1. This is an appeal against the order of the Additional Subordinate Judge of Backerganj reversing the order passed by the Munsif, 2nd Court of Bhola, in an execution proceeding. The appellant is the decree-holder. On the 7th April 1914 he brought a suit in the Small Cause Court and on the same day he applied for attachment of the judgment debtor's property before judgment under Order XXXVIII, Rule 5, Civil Procedure Code. The Court directed notice to show cause on or before the date of hearing why the property mentioned in the petition should not be attached and in the meantime the property mentioned in the petition be attached conditionally. No cause was shown and no other order in this matter was passed during the pendency of the suit, which was decreed on the 22nd September 1915. On the 2nd April 1918 the decree-holder applied for execution of the decree and during the pendency of these proceedings on the 4th July 1918 he also prayed that the order for conditional attachment should be made final. That application was rejected. The judgment-debtor objected to the execution of the decree on various grounds. The only question before us now is whether the attachment made in pursuance of the order of the 7th April 1914 was still subsisting. That order was certainly wrong in form, for Rule 5 empowers the Court to ask the defendant either to furnish security or to appear and show came why he should not furnish security. Until the defendant has failed to furnish security, he should not be called on to show cause against the order of attachment. Obviously on that day no order of attachment under Rule 6 should have been passed, because such an order cannot be passed until after the defendant has either failed to show cause why he should not furnish security or baa failed to furnish security. This the defendant had no opportunity of doing. But it is contended that though the order was in form one under Rule 6, it was in substance an order under Rule 5. But Rule 5 provides that the conditional order can only be made concurrently with the order directing the defendant to furnish security or to show cause. Subsection (3) of Rule 5 provides that the Court may also make an order of conditional attachment, and it is clear that the conditional attachment cannot be directed without an order under Clause (1) of the rule. But it is found by the final Court of fact that there was no notice to show cause issued when the order of attachment was issued.

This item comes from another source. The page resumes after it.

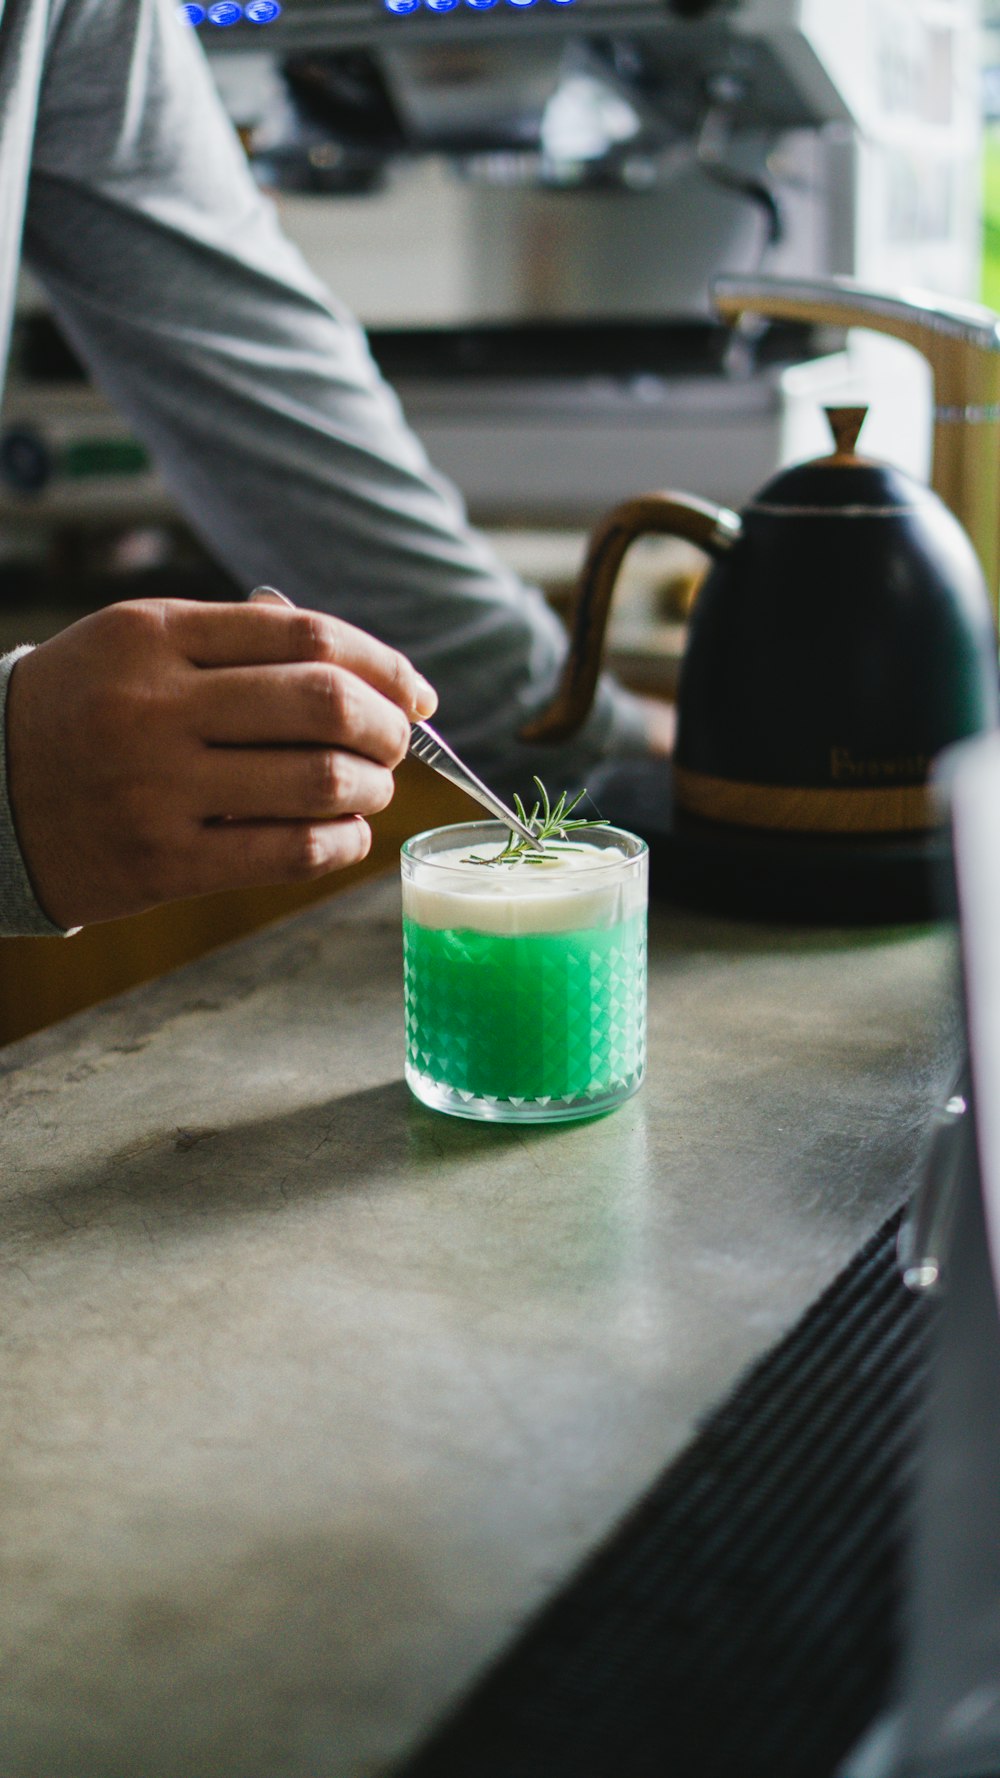 a person holding a green cup with a green substance in it

2. It is contended before us that this finding is wrong and there is evidence to show that such a notice did issue. The lower Appellate Court has not said that there is no evidence, but has only said 'the record does not show that any notice to show cause was issued.' If on a consideration of the record the lower Appellate Court came to that finding, we must accept it in second appeal. Without an accompanying order to show cause the order of attachment pending suit, even if it had been made as a conditional order under Rule 5, would have been a bad order and we must, therefore, hold that the lower Appellate Court was right in its decision that there was no attachment subsisting.

3. The appeal is accordingly dismissed with costs. We assess the hearing fee at one gold mohur.